Whilst I was improving my first-hand experience of winter sunshine last month, apparently there was a banking crisis. I know this, because I read it. Apparently Nessie has been seen again as well, but if I went to Loch Ness I am not completely sure that I would be able to corroborate that. Equally, as I scan the world around East Cornwall, so I am unable to see the financial institutions of the world crumbling around me. It was a little different in 2008. It is a fact of Planet Earth that bad businesses go bust from time to time. There is nothing in the rules of Planet Earth that says banks have to be sensible, well run and prudent institutions. Indeed, the very concept is probably causing widespread mirth. What we had was the coincidence of a couple of very silly American banks and one notoriously mismanaged Swiss one going belly up at the same time.

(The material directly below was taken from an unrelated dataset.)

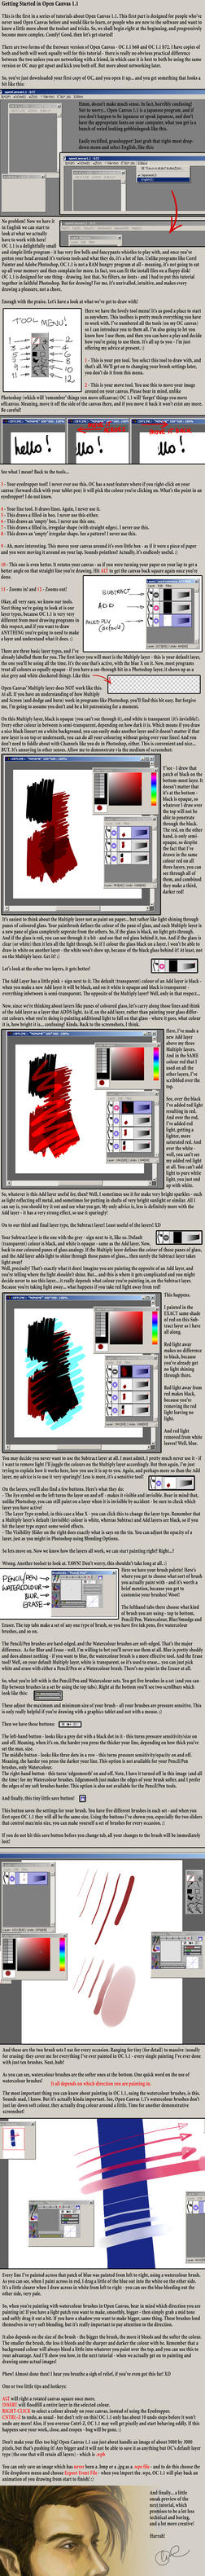 Open Canvas Tutorial, part 1 by pixieface

If we can quickly return to 2008, the great banking crisis was essentially caused by the lunacy of innumerable banks having invested money that they didn’t have into things that didn’t exist. It was not a great plan. It is an odd truism of the banking industry that everyone is the breath of a hare (sic) away from insolvency. No one has enough money to give all the depositors their cash back if they want it. The whole shooting match is shored up on that most human of emotions: trust.
But how should one judge this concept of ‘trust’. Should one do business with the cheapest, or the most trustworthy? How is that complicated if the most trustworthy is the most expensive? How should we value ‘trust’, or what Hawksmoor once called ‘sleepatnightability’? The questions of course are rhetorical.
I confess that the current bunch of esteemed central bankers gives me the opposite of sleepatnightability. Au contraire, it verges on irascible dyspepsia. Last week the venerable Andrew Bailey, Governor of the Bank of England and thus one of the most financially powerful people in the gap between Venus and Mars, delivered a speech entitled “Supply matters” to the London School of Economics. As with the banking crisis, I was reluctant to take the reports of this speech at first hand, and dug out his actual text. I have to say that, much to my surprise, the reports are quite accurate. So please allow me to quote in full from the text:
“Instead, the rise in economic inactivity is a change to the supply of labour, independent of demand, in particular by older workers. If those workers have accumulated enough savings to sustain a desired level of consumption much like the one they had before their early retirement, at least for a while, aggregate demand will not have fallen by as much as aggregate supply. We should expect this to put upward pressure on inflation in a way that would call for a higher level of interest rates to dampen demand.”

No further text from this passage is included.